Simultaneously the Abstract expressionism that emerged in the 1950s and 1960s in New York,
opened new approaches to experimenting with methods, language, scale and medium. Samant
configured a style that incorporated and experimented with possibilities of materials, apart from
regular paint he started using cement, plastic, sand, and thread, eventually layering his pictorial
ground with cut-out forms and figurines. He raised these cut-outs from the primary surface, thus
giving his paintings a three-dimensional effect. They are neither relief nor flat, this in-betweenness,
perhaps is an adroit extension of his skills as a Sarangi player. The abstract nuance of classical music
is translated in a subtle daintiness on his canvases.
The exhibition Magic in the Square is a nonliteral elucidation, drawn from the title of one of his
artworks. With 20 works of Mohan Samant from the KNMA collection and other collections,
synchronizing with the poetic deliberations of Amitava, the exhibition explores the ‘intermediary’

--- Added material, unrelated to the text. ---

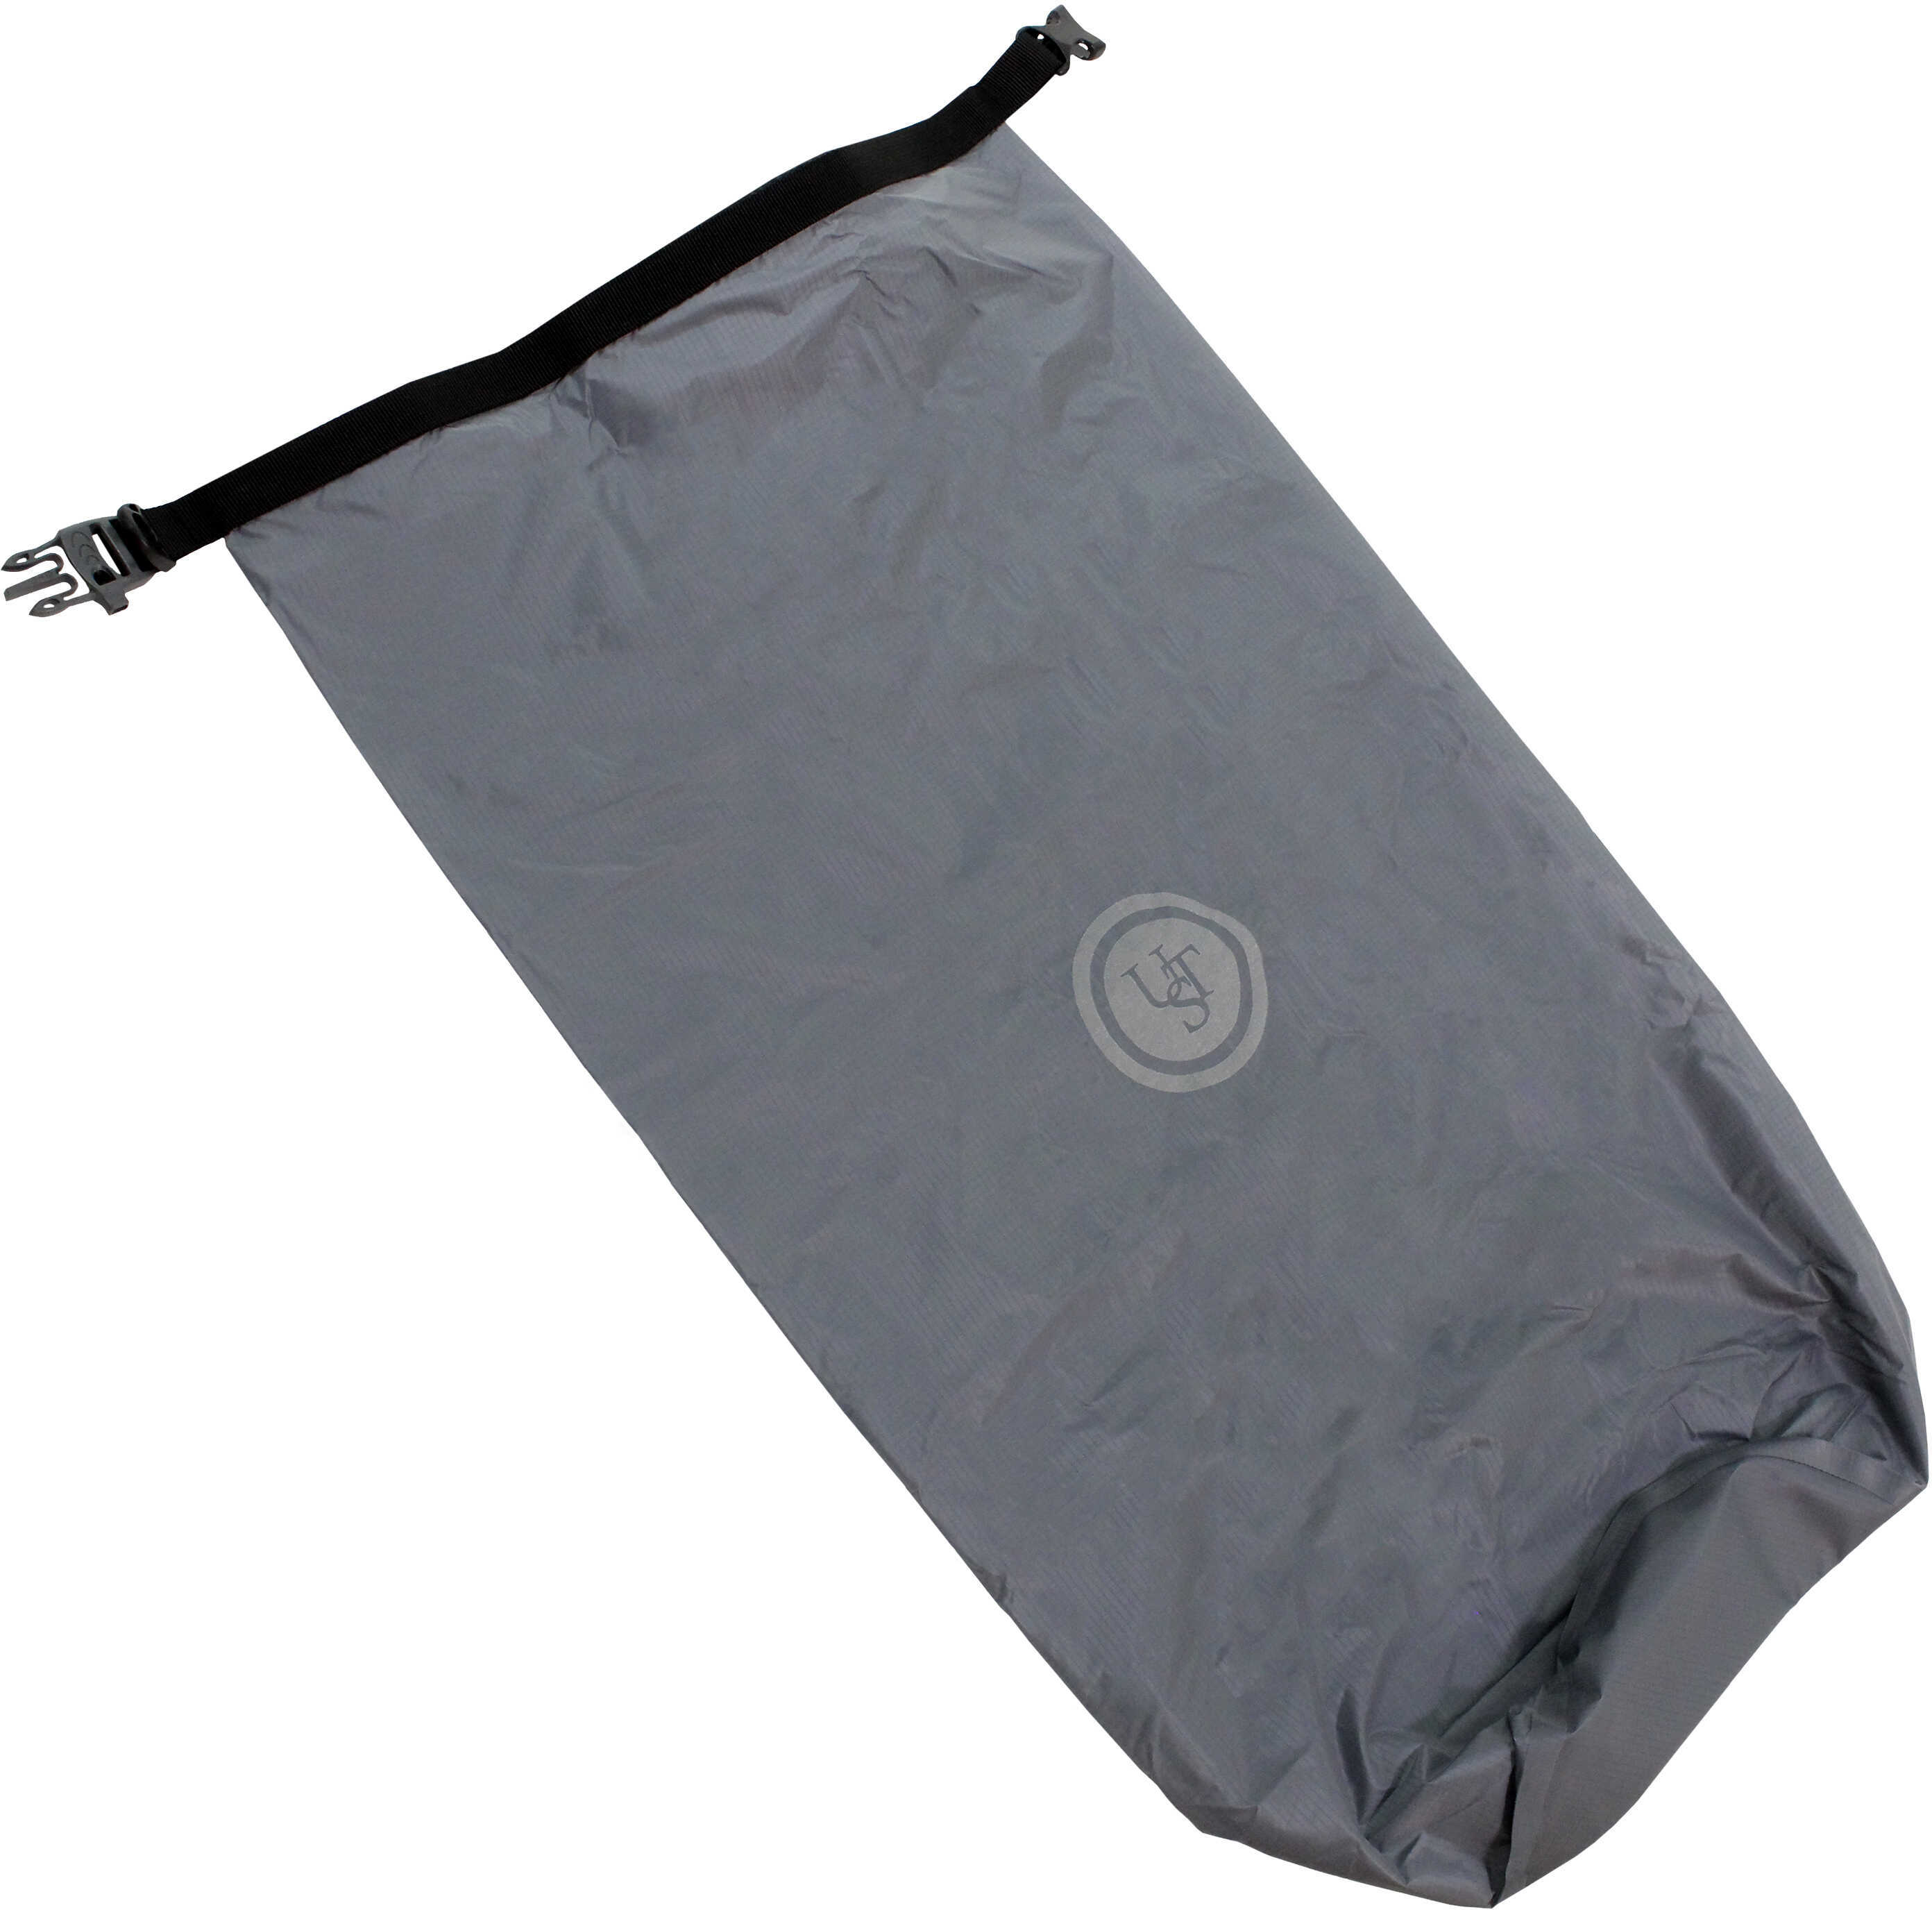 Ultimate Survival Technologies Safe and Dry Bag 25L, Gray Md: 20-12138

transmissions in consciousness that flow freely from one creative field to another, from poetry to
image to music.
KNMA Chairperson and Founder Kiran Nadar said, “We are delighted to present Amitava and
Mohan Samant with their solo shows at KNMA. For viewers, this will be a rare opportunity to engage
with the under-represented but extraordinary practice of Mohan Samant in his centennial year.
Samant moved to New York, but his art created a stir wherever it was displayed. The exhibition for
the first time also displays the four works that were gifted to the museum by the generous gesture of
Samant’s family, especially his wife Jillian Samant. The second solo is of Amitava whose artistic
practice is an exciting one as it collapses boundaries between artistic categories and creates a distinct
visual language that is cryptic and contemporary.”
Roobina Karode, Director and Chief Curator, KNMA adds, “The solo exhibitions of Amitava and
Mohan Samant’s at KNMA are conceptualized around their artistic preoccupations of disrupting the
long tradition of medium-specific practice that they were initiated in, freeing themselves to expand
their consciousness to divergent conceptual ideas, materials, media, discard /trash, playing upon
assimilations, both coherent and absurd, creating multiple layers within a single frame. Amitava and
Samant in different contexts and locations tend to converse around inventing a language of pictorial
construction, collaging, armaturing and assemblaging, creating extra dimensions through cut-outs,
paper shreds and threads, fragments of objects, toys, markings along with color pigment, pencil
scribbles, inks and markers. While Mohan Samant excavates sedimented memory, fossil-like forms
and totemic imagery from his sand, dust and gravel layers, Amitava restores his journey having
archived the self, gathering mementos and ephemera across geographies, histories, poetry and
literature, juxtaposed with scribbles and colours, in tune with sounds and silence.”